At the back of the nasopharynx lies the opening of the eustachian tube. Infection of the nasopharynx is closely related to middle ear infection. Otitis media, acute inflammation of the middle-ear cavity is common in children. Since both middle ear chambers connect to the nasopharynx, it is usually bilateral. Infection most commonly follows an acute upper respiratory tract infection. The symptoms of otitis media are earache which may be throbbing and severe and deafness. The signs include tenderness to pressure on the mastoid process and changes in the tympanic membrane. The tympanic membrane may be bulging with loss of landmarks, or may even be perforated. The chamber of the middle ear is continuous through the eustachian tube with the nasopharynx, but also with the mastoid antrum and mastoid air cells. Infection of the mucosa lining the middle ear will extend to the mastoid air cells. Within the middle ear are the small bones, the ear ossicles, which transmit movement of the tympanic membrane to the cochlear apparatus. Infection in the middle ear can result in limitation of movement of the malleus, stapes and uncus resulting in some level of deafness. Movement of these bones is controlled normally to some extent by two muscles. The tensor tympani attaches to the malleus and the stapedius inserts on the stapes. The middle ear is usually at atmospheric pressure since the eustachian tube is open to the nasopharynx. In respiratory infection the mucosa swells and the tube becomes obstructed. If antibiotics do not control the infection and inflammation then the pressure in the middle ear can be relieved by puncturing the tympanic membrane. A myringotomy is performed by making a crescent shaped cut over the cone of light.

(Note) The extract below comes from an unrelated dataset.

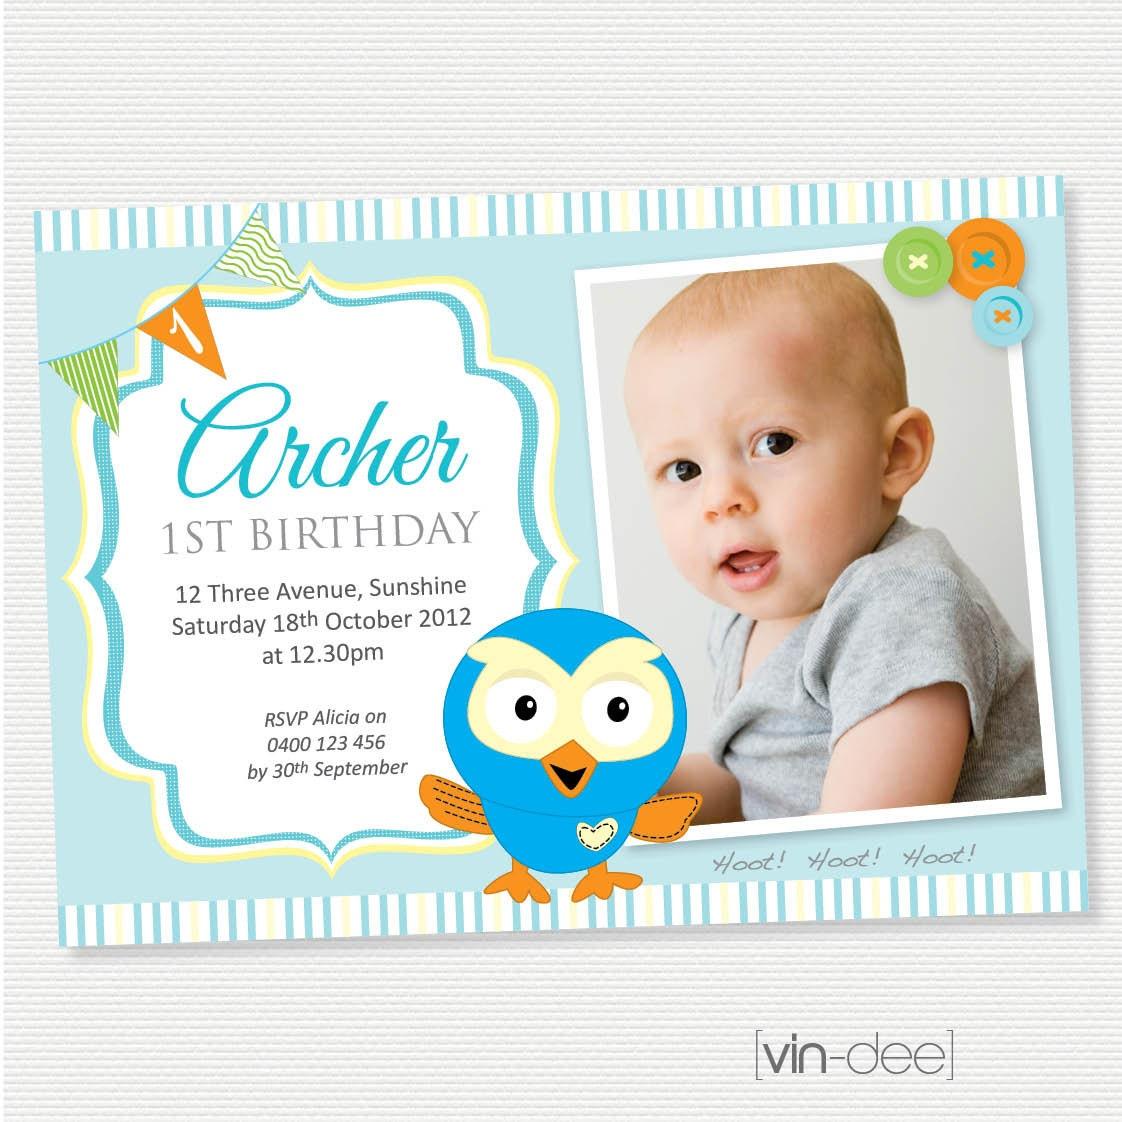 Airplane Birthday Invitation Diy Printable By Vindee On Etsy: Hoot The Owl Birthday Invitation With Photo DIY By Vindee
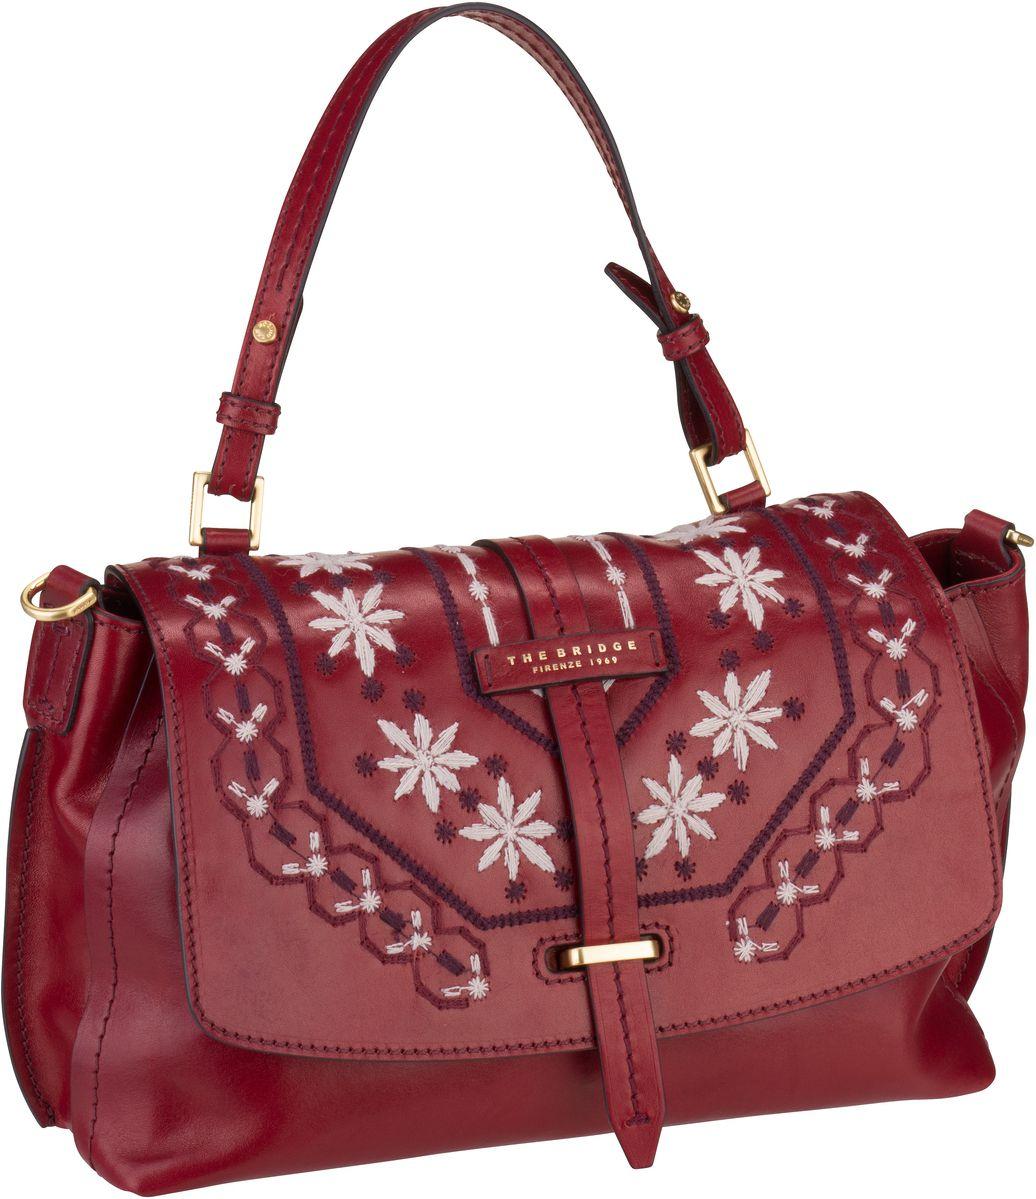 Handtasche Fiesole Handtasche 3407 Rosso Ribes/Oro

The adenoid mass of lymphoid tissue is situated on the posterior wall of the nasopharynx and bulges into the cavity in children. As a result of upper respiratory infection the adenoids become hypertrophied and obstruct the nasopharynx. Obstruction leads to mouth breathing and dry mouth. This lymphoid tissue forms part of a ring of such tissue around the pharynx. Adenoidectomy is carried out under general anesthesia with endotracheal intubation.

The soft palate usually closes off the nasopharynx from the oropharynx during swallowing and speech. Removal of part of the posterior pharyngeal wall might leave a gap allowing fluid to pass up into the nose, and speech to be altered.